Task description: The expected result is an exact restatement of the data, free of pictures.

Data excerpt:

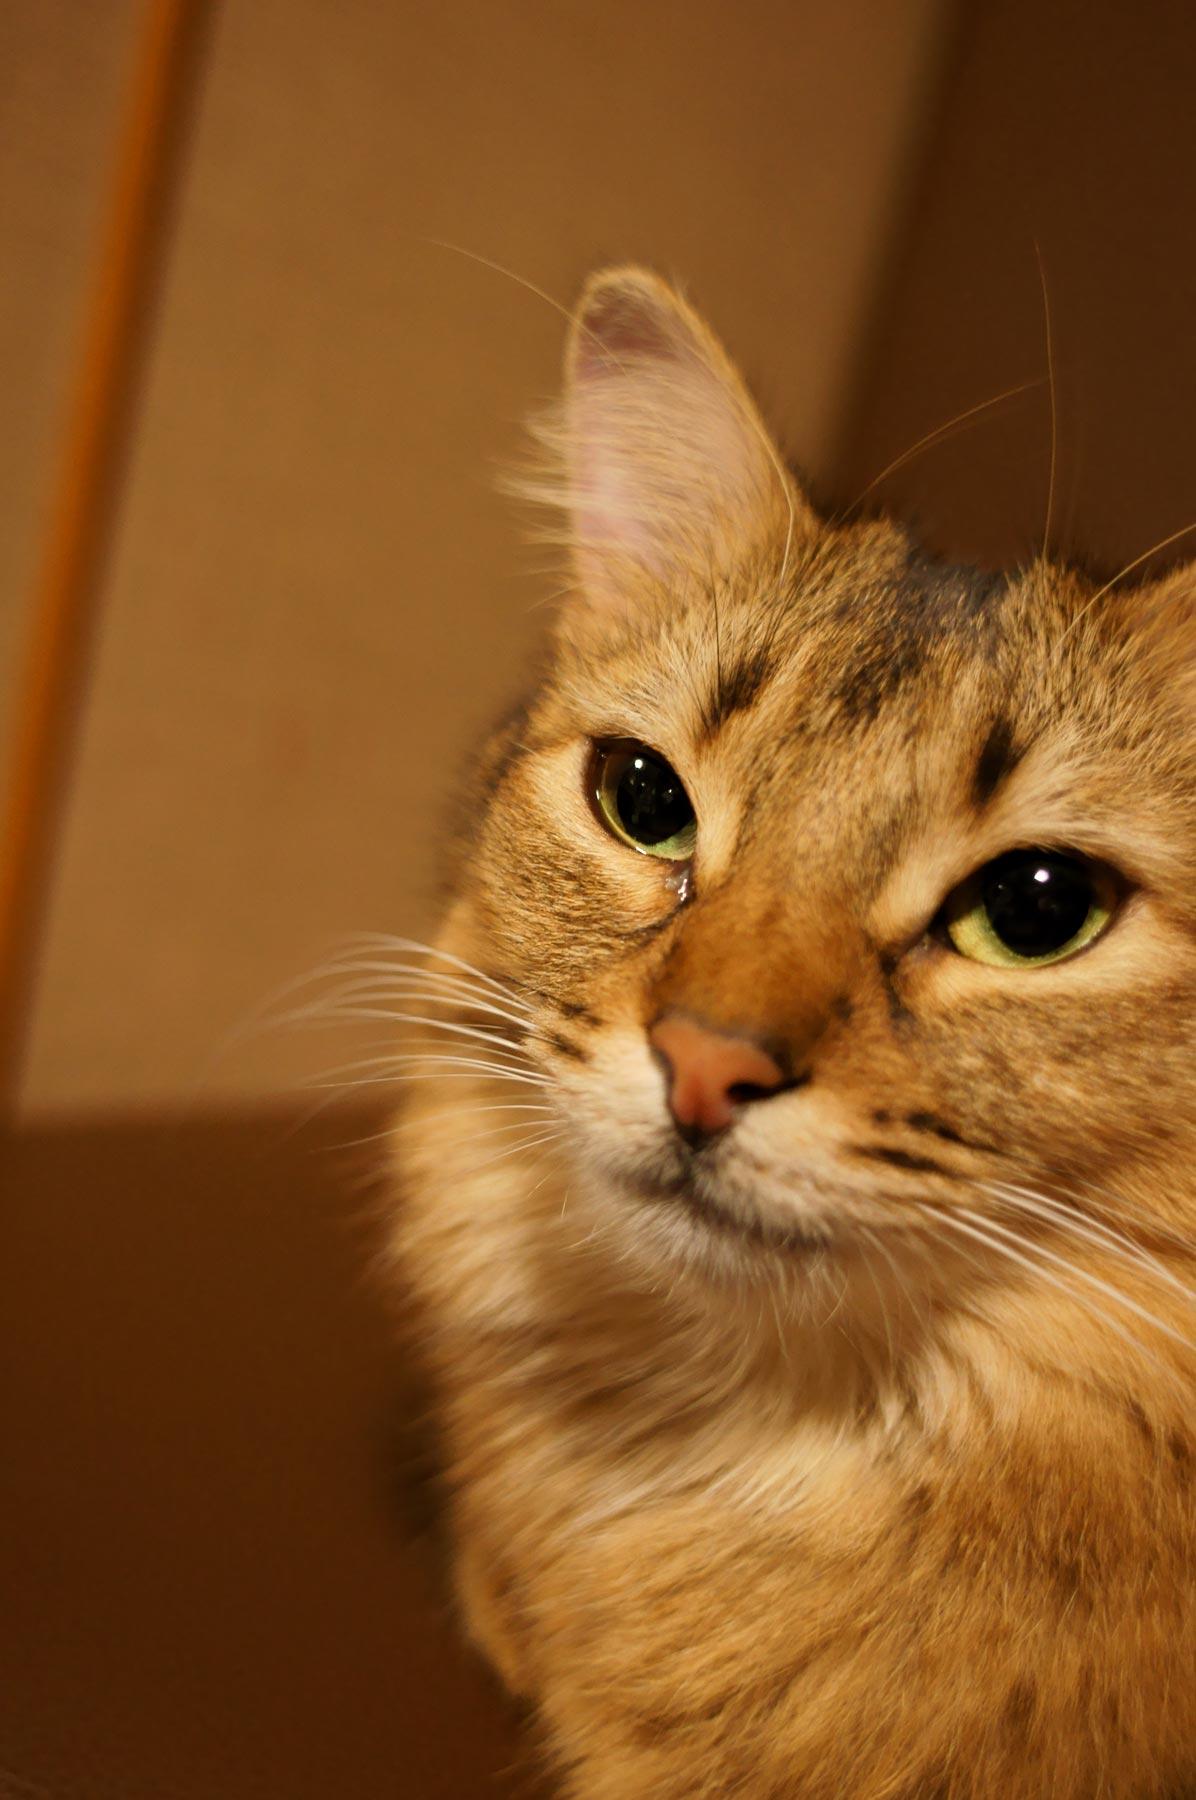 AF24mmF2.8で猫写真 その2_e0216133_22142826.jpg
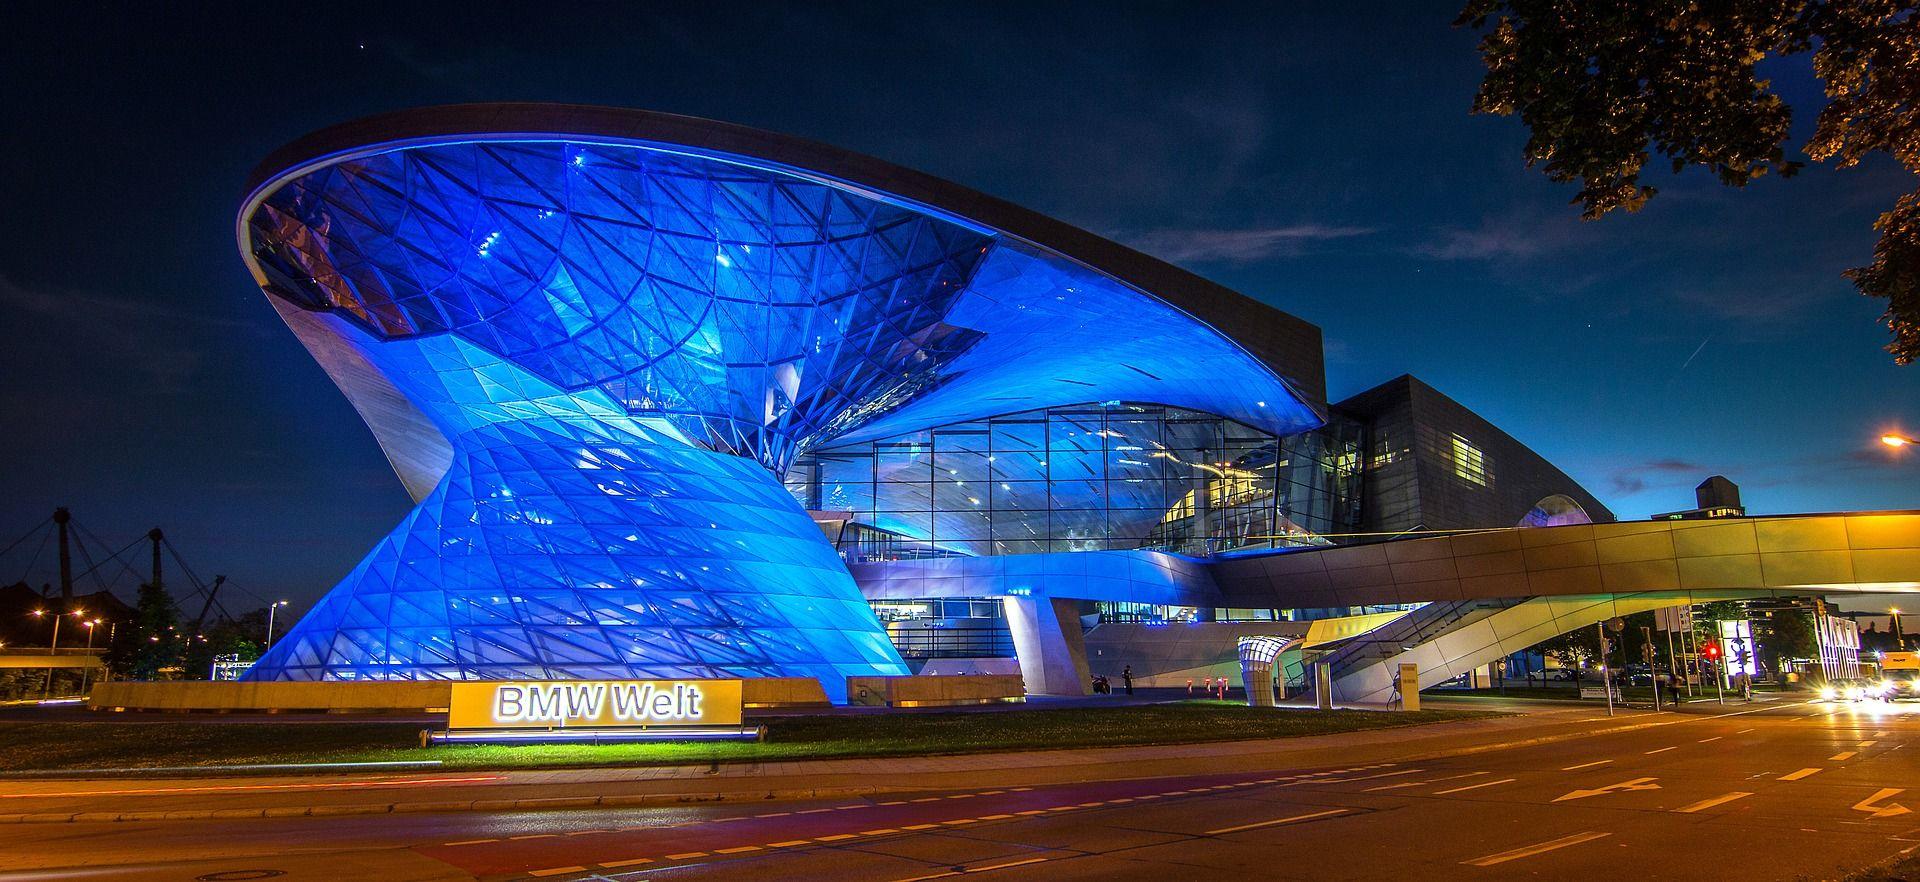 Die BMW-Welt in München (c) pixabay
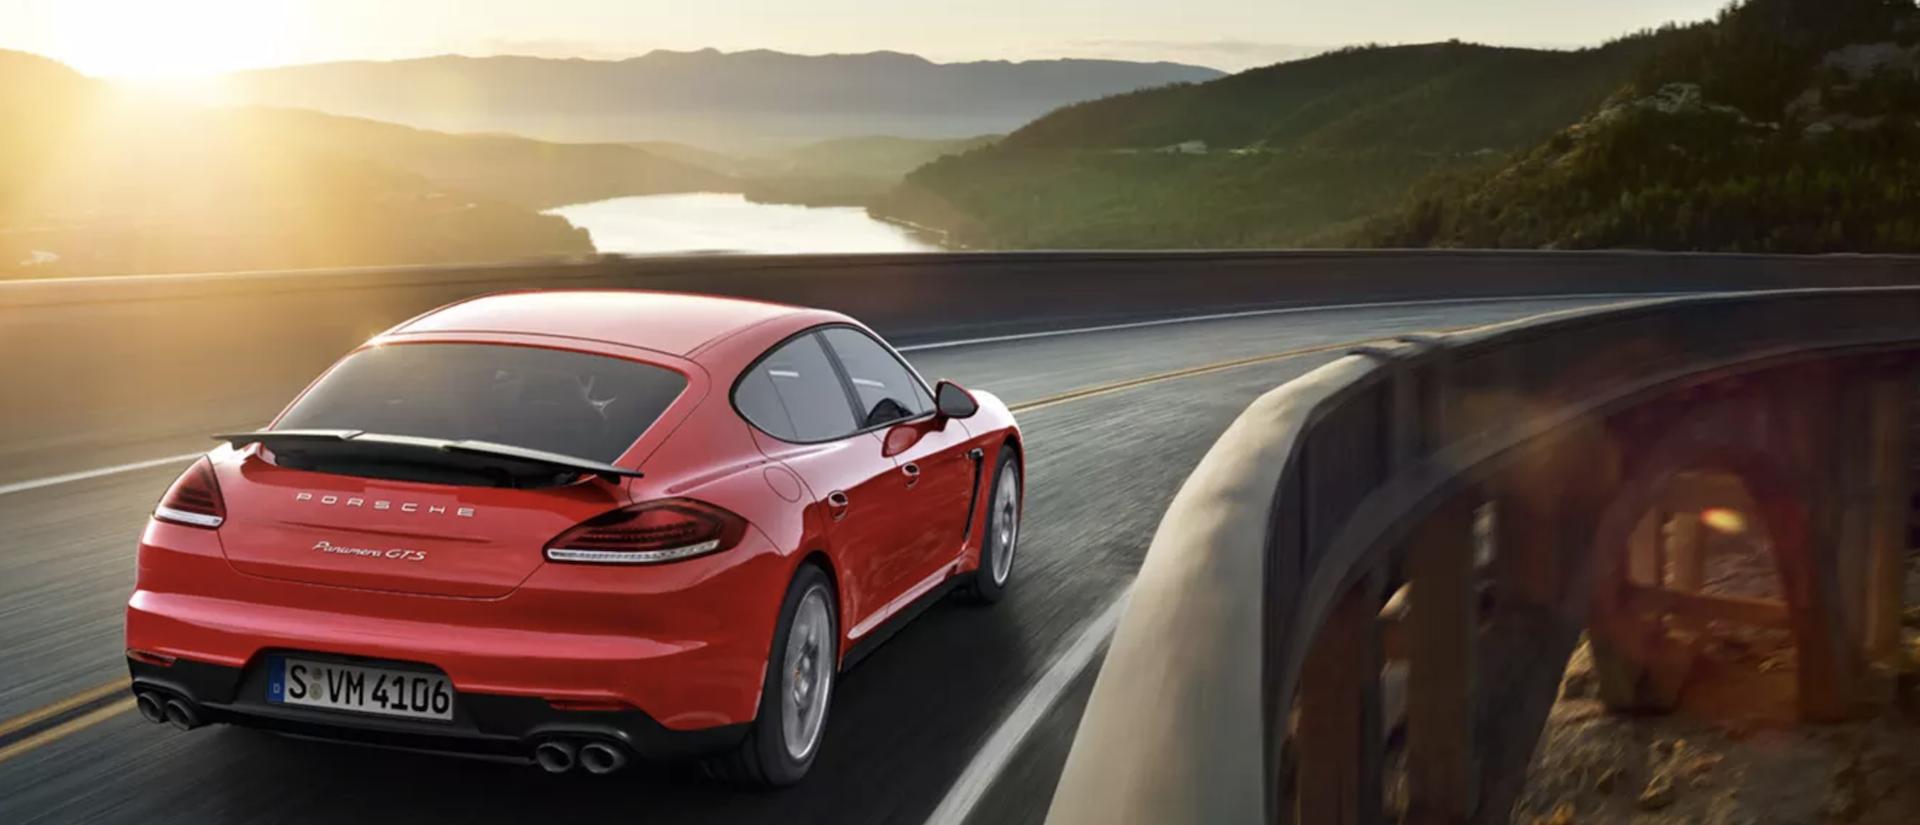 Porsche Roadside Assistance

Answer area:
 AF24mmF2.8で猫写真 その2_e0216133_22142826.jpg
 Die BMW-Welt in München (c) pixabay
 Porsche Roadside Assistance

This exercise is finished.